_GIVEN MATERIAL_.
---

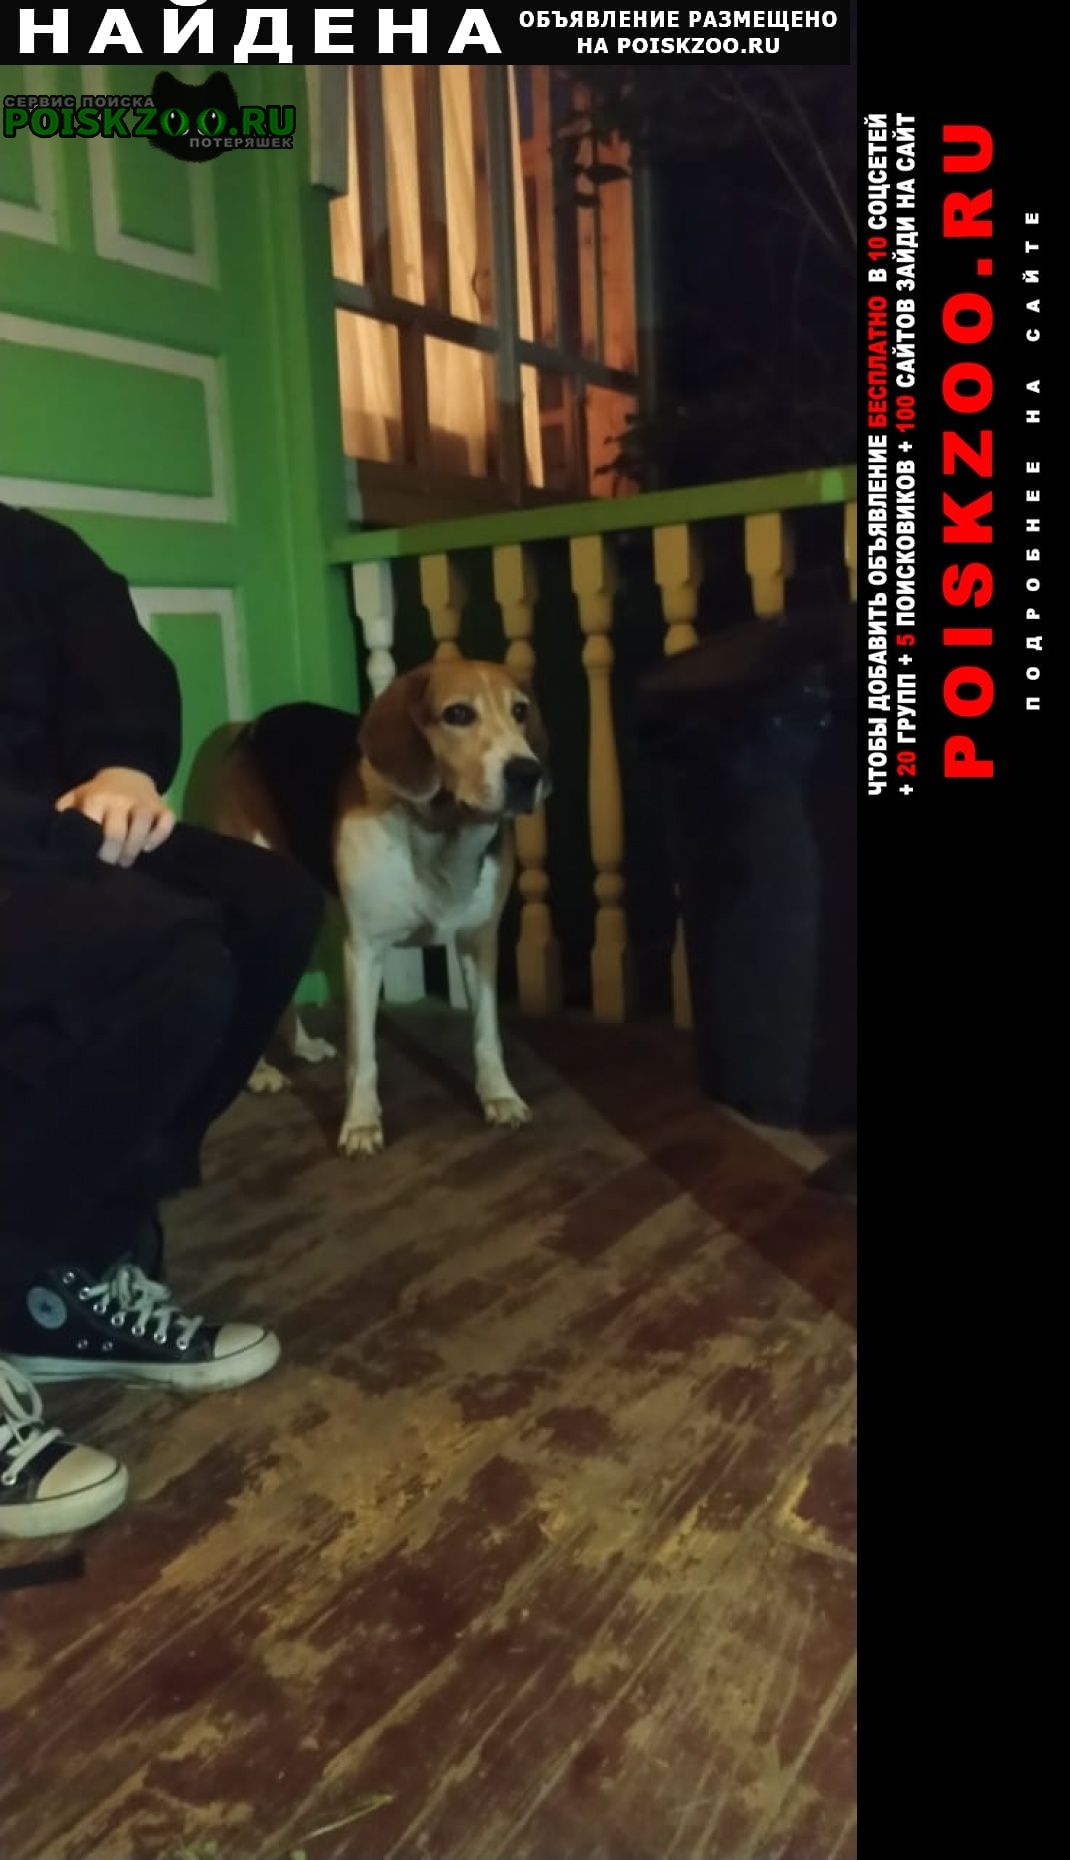 Найдена собака кобель бигль около 8 лет Чехов
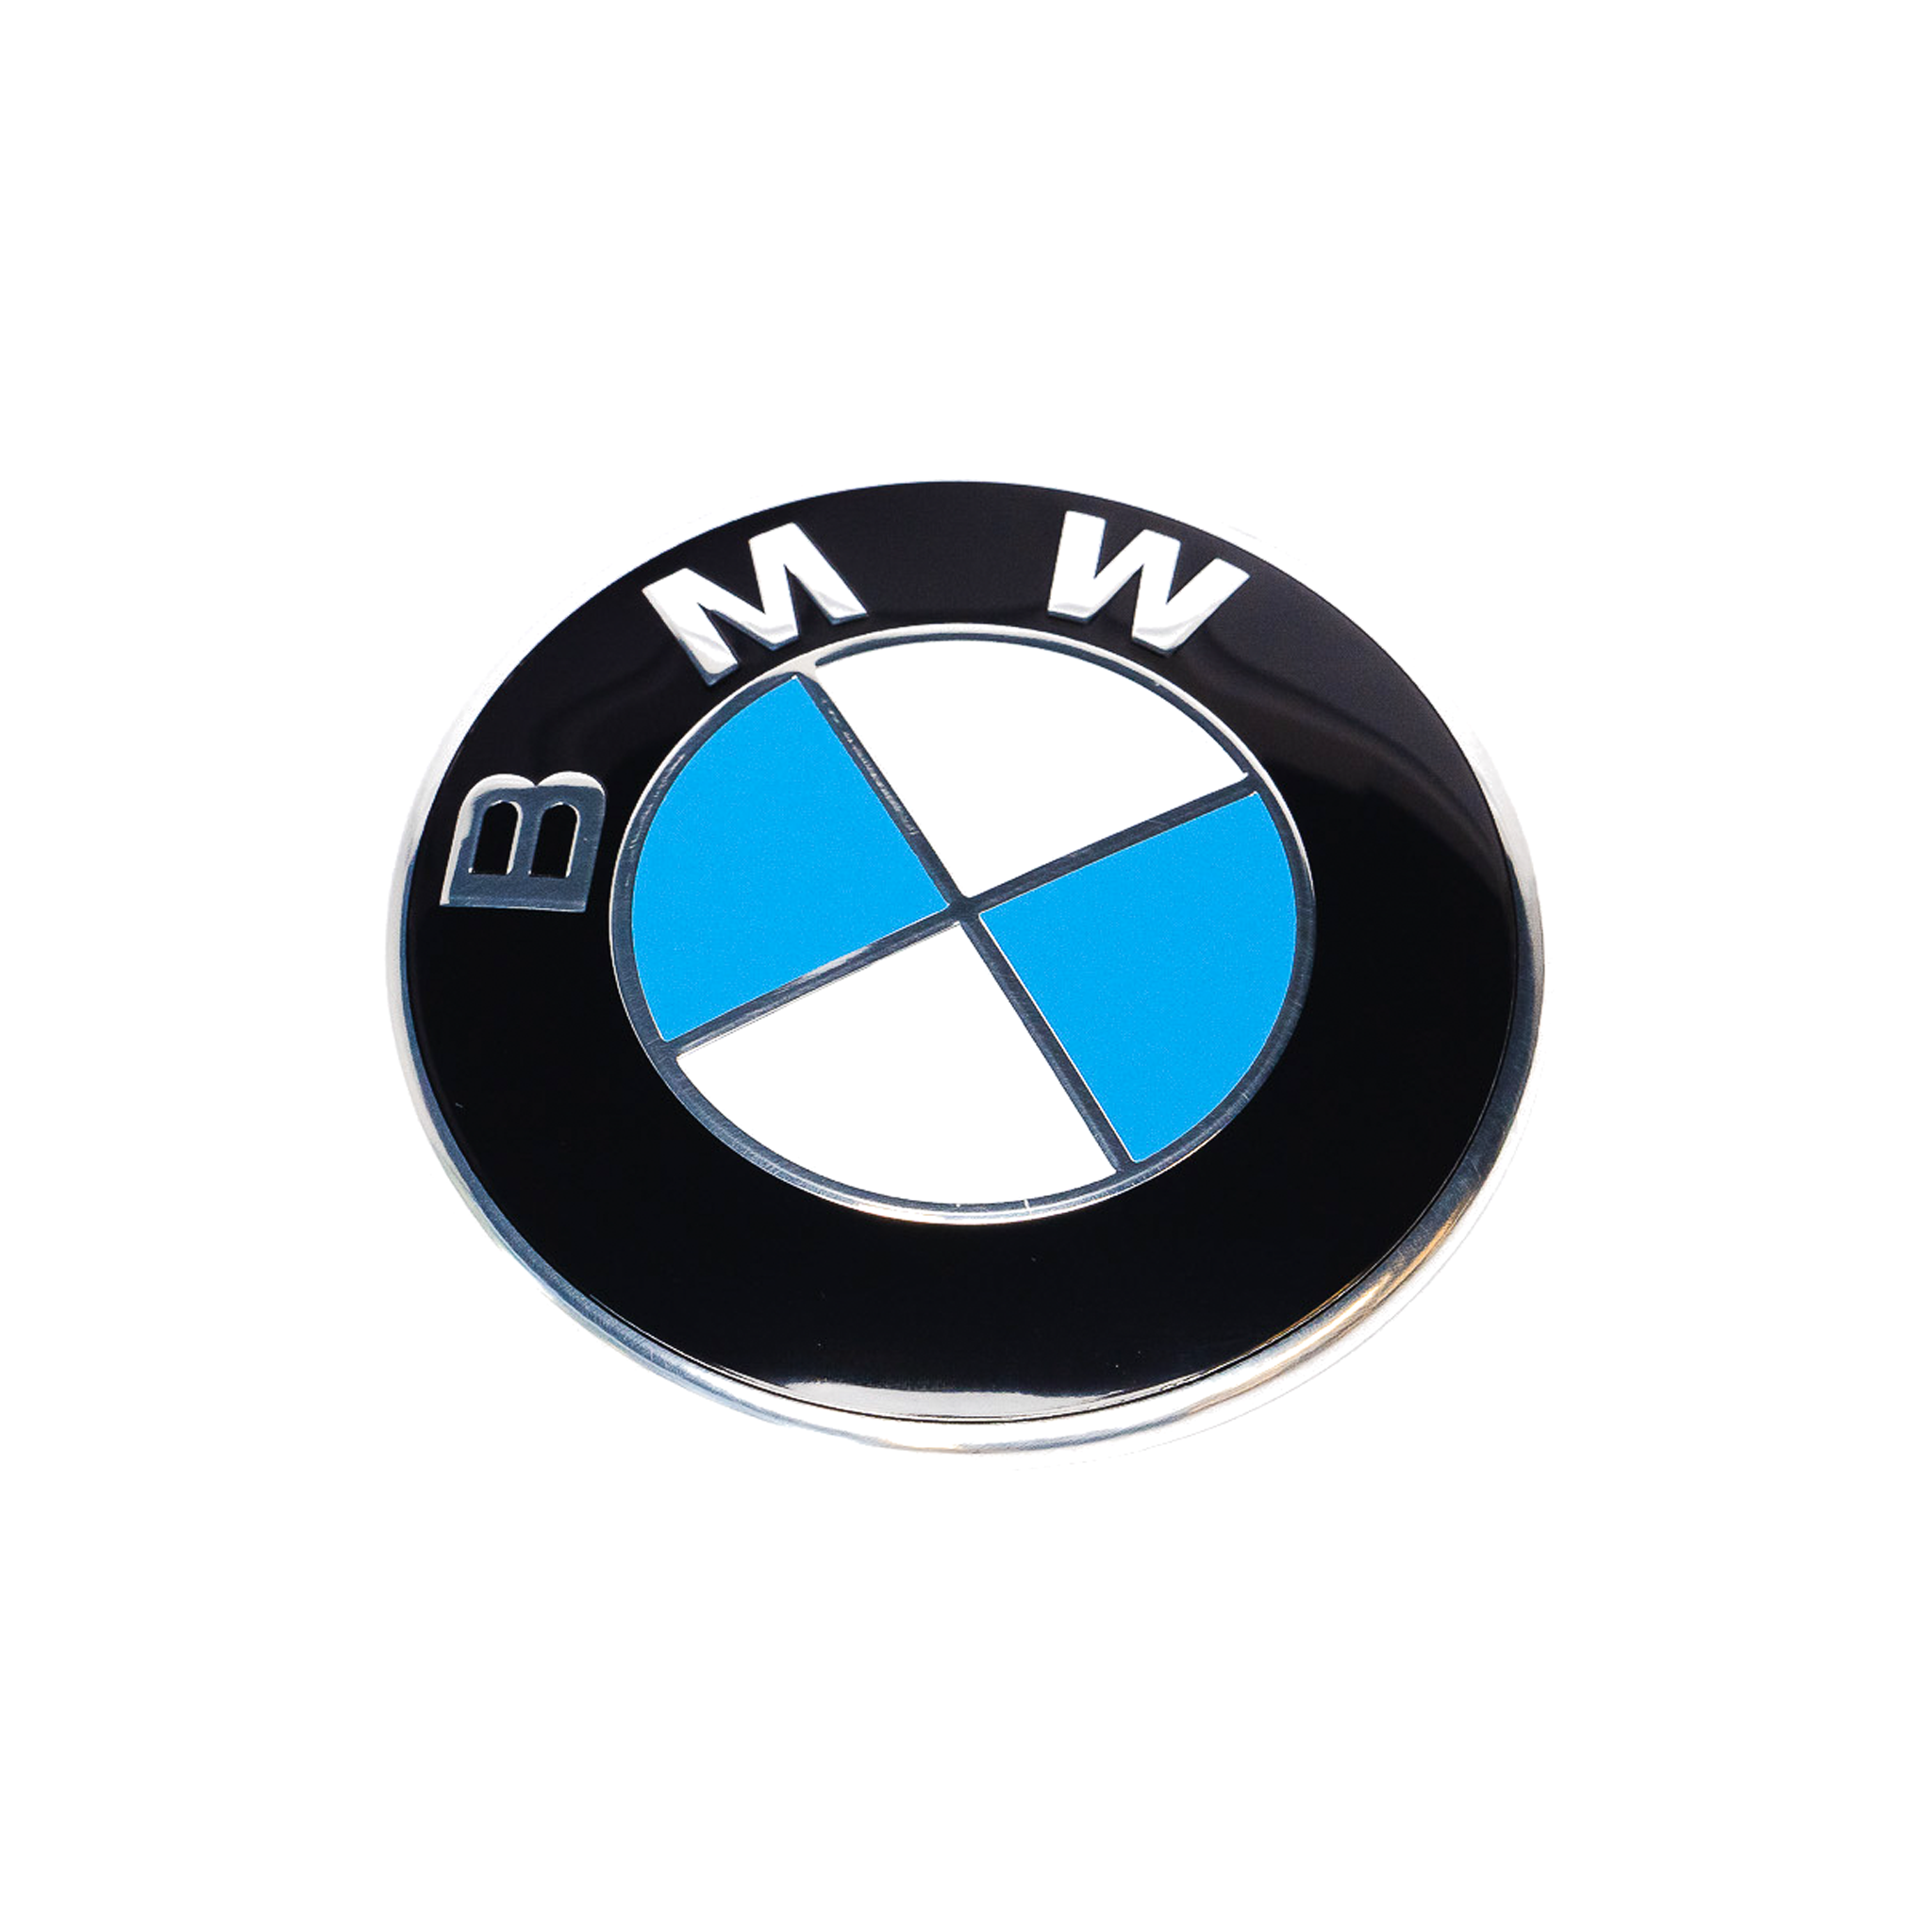 Exon BMW estilo azul/blanco insignia frontal emblema para BMW F-Series M2 F87 M3 F80 M4 F82 M5 F10 M6 F12 F13 y 1 2 3 4 5 6 Series F20 F22 F30 F32
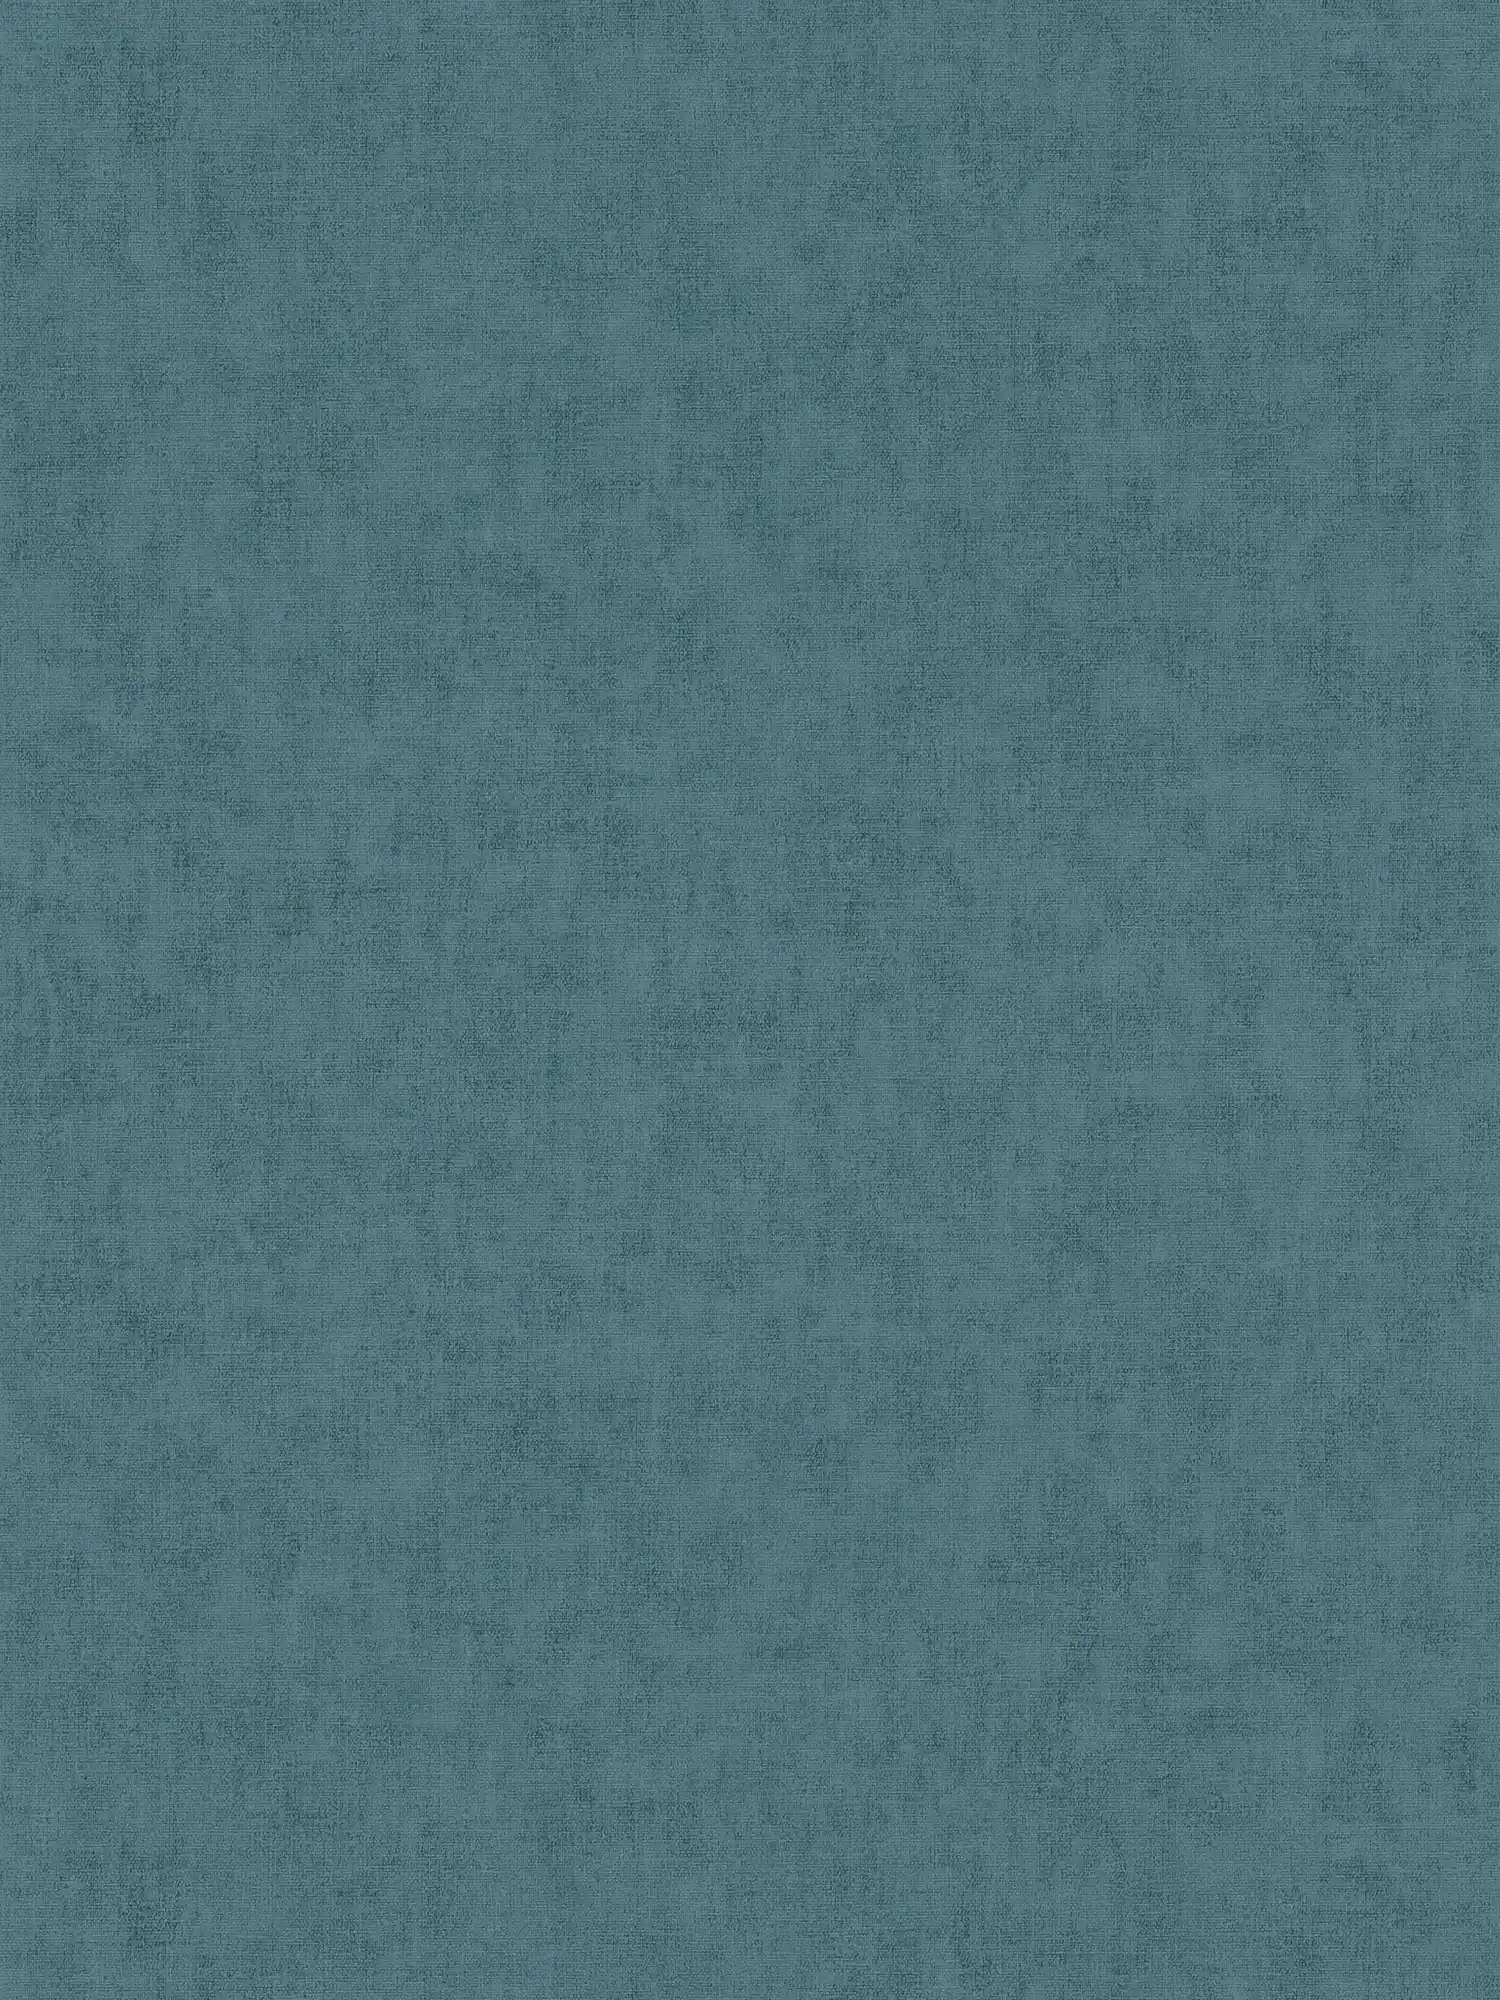 Carta da parati in tessuto non tessuto in stile scandinavo - blu, grigio

---

With the pictures left out, return the listing above exactly as it stands.

 Найдена собака кобель бигль около 8 лет Чехов
 Exon BMW estilo azul/blanco insignia frontal emblema para BMW F-Series M2 F87 M3 F80 M4 F82 M5 F10 M6 F12 F13 y 1 2 3 4 5 6 Series F20 F22 F30 F32
 Carta da parati in tessuto non tessuto in stile scandinavo - blu, grigio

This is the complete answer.